**WORK ITEM**
From the data below, copy exactly the lines that lie between the one holding "Only 758.00 usd" and the one holding "The Value of", including both, and nothing more.

**DATASET RECORDS**

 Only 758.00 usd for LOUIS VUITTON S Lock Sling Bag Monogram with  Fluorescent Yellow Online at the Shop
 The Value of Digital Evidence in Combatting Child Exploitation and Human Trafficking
==
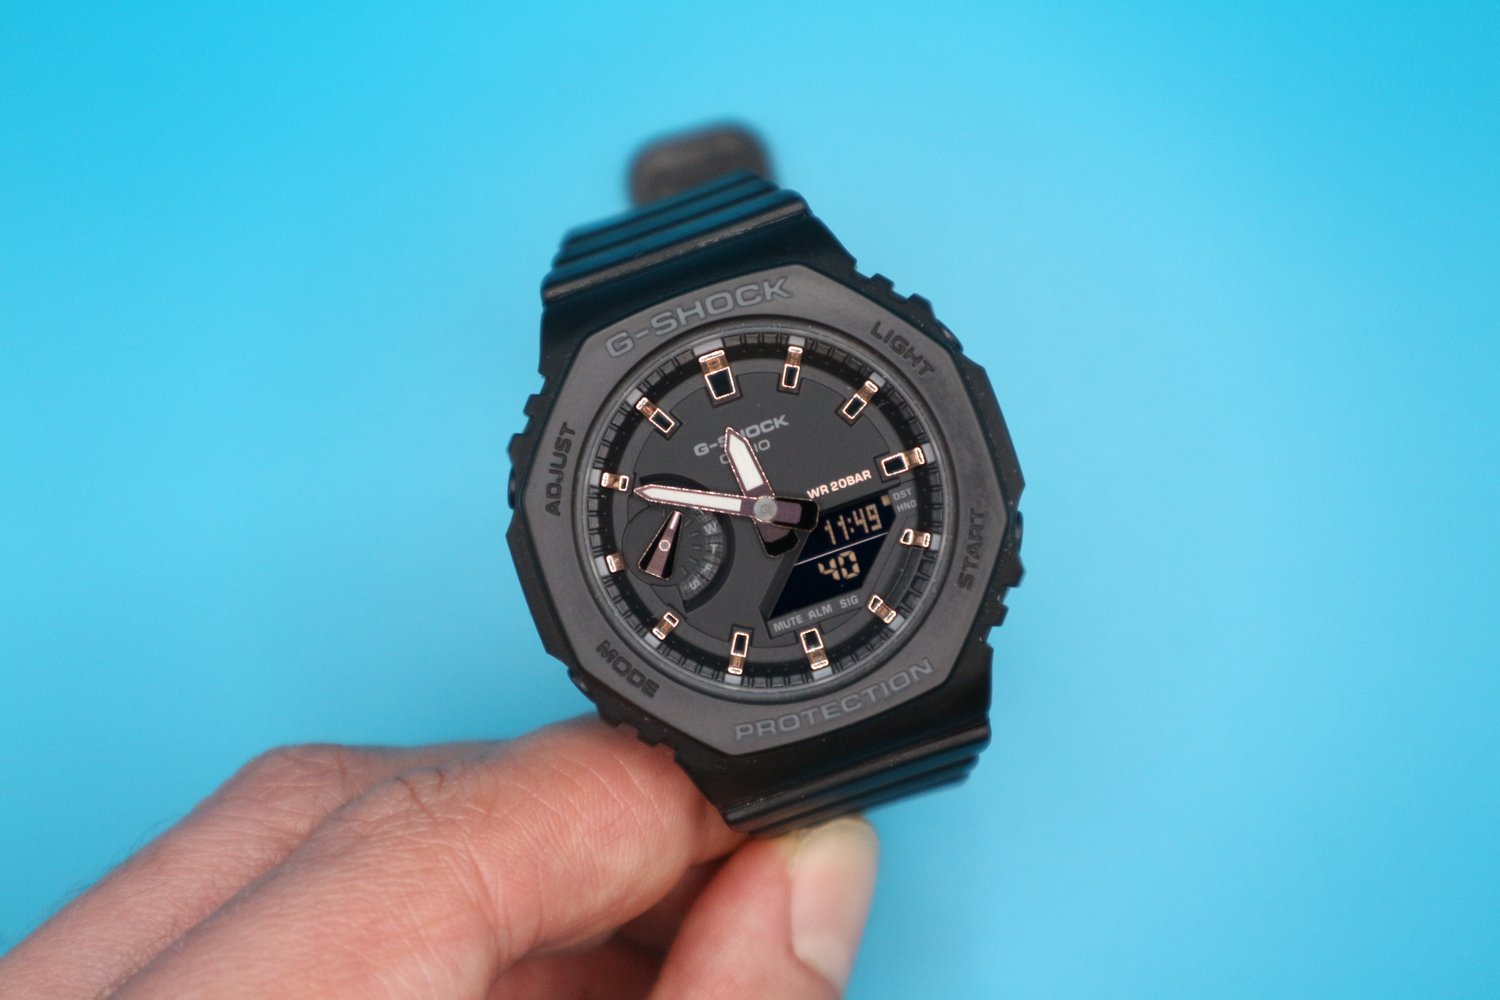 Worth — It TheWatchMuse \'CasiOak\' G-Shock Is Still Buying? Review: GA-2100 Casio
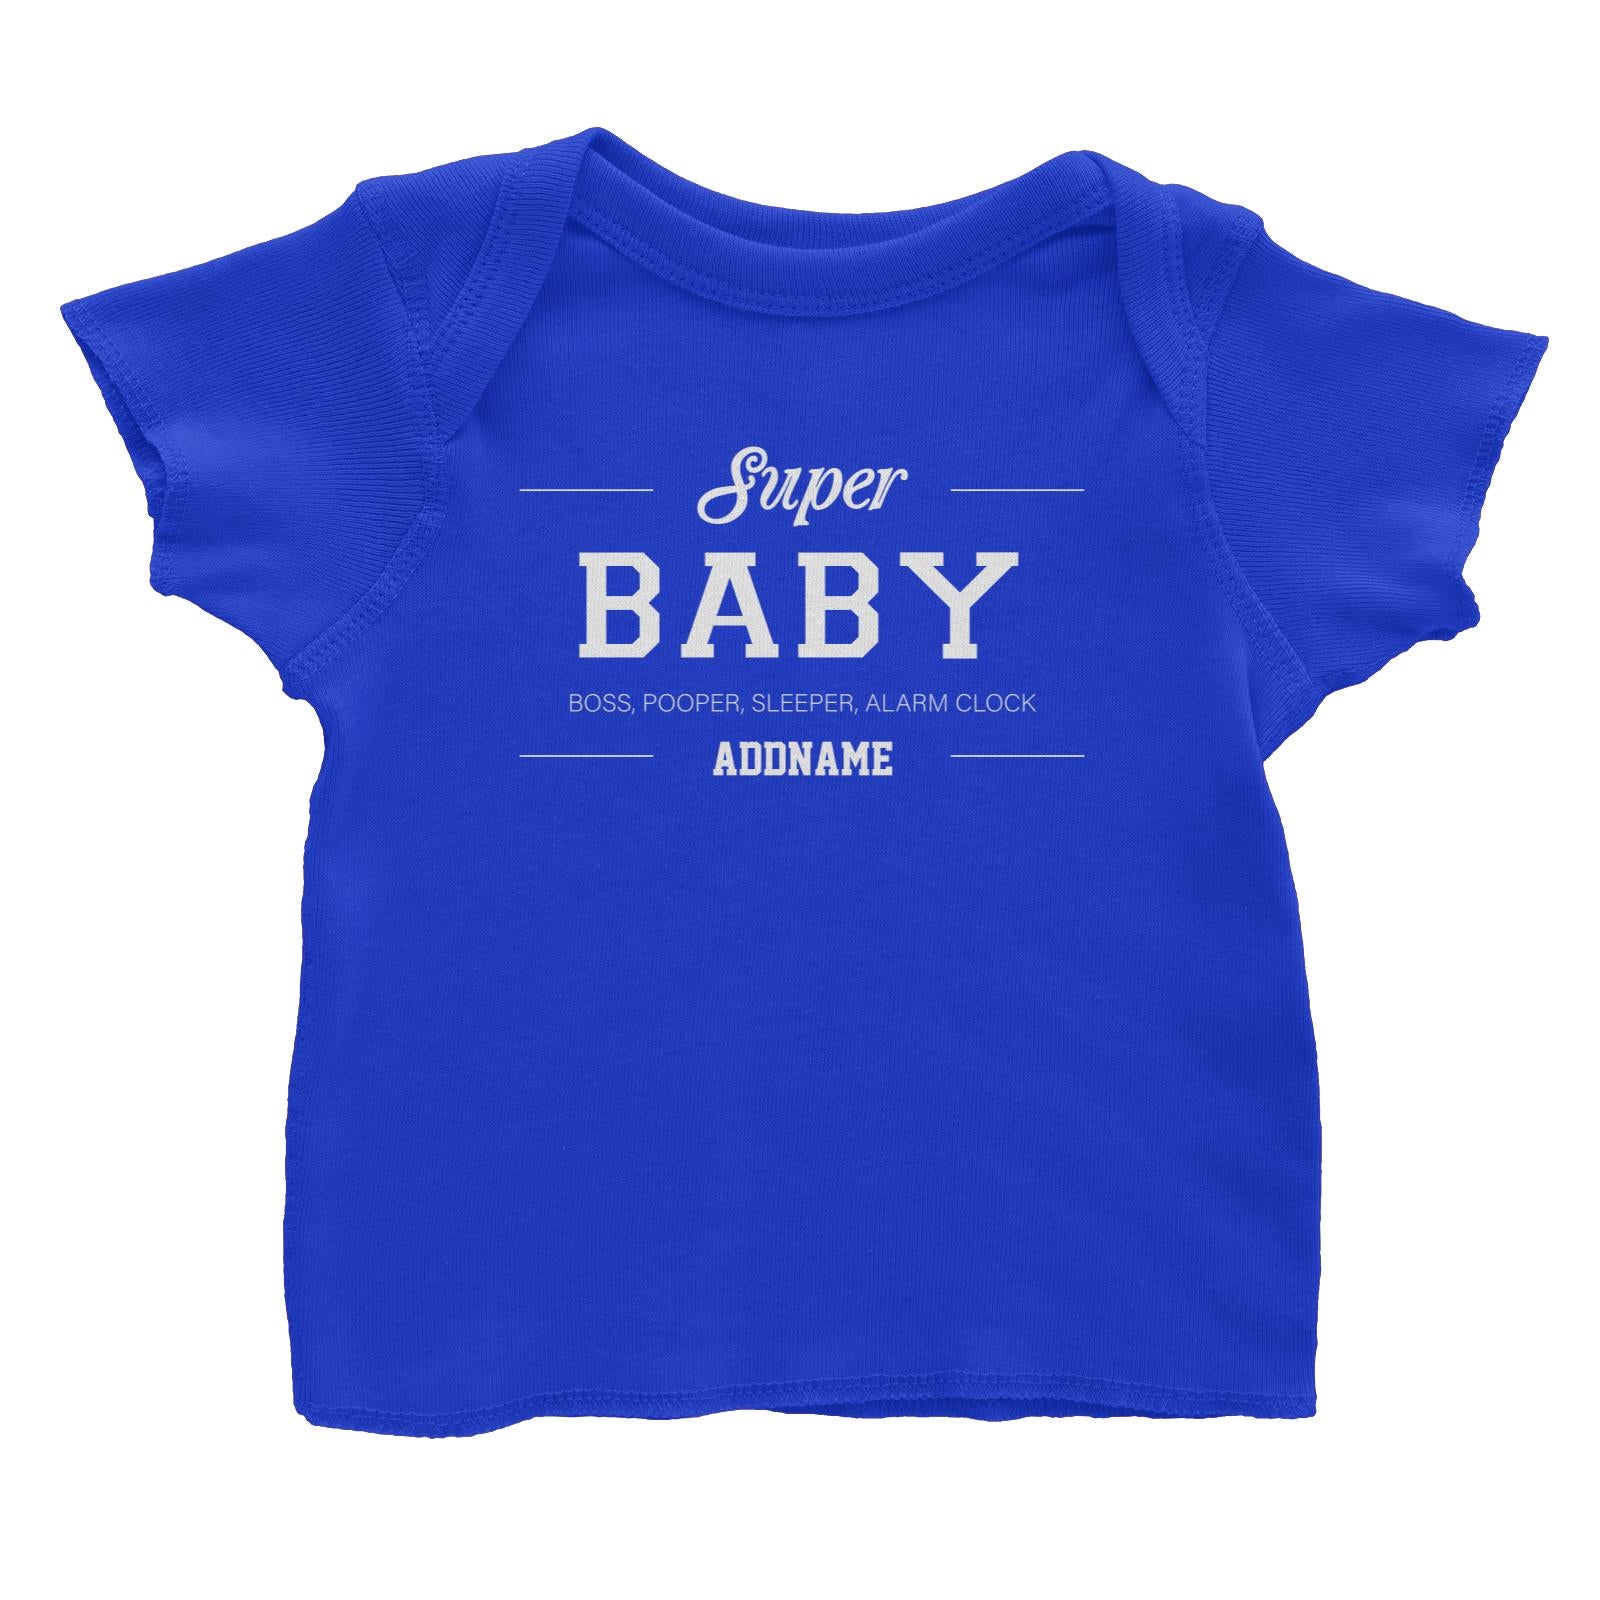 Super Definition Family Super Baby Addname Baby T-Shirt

**ANSWER SECTION**
 Only 758.00 usd for LOUIS VUITTON S Lock Sling Bag Monogram with  Fluorescent Yellow Online at the Shop
 The Value of Digital Evidence in Combatting Child Exploitation and Human Trafficking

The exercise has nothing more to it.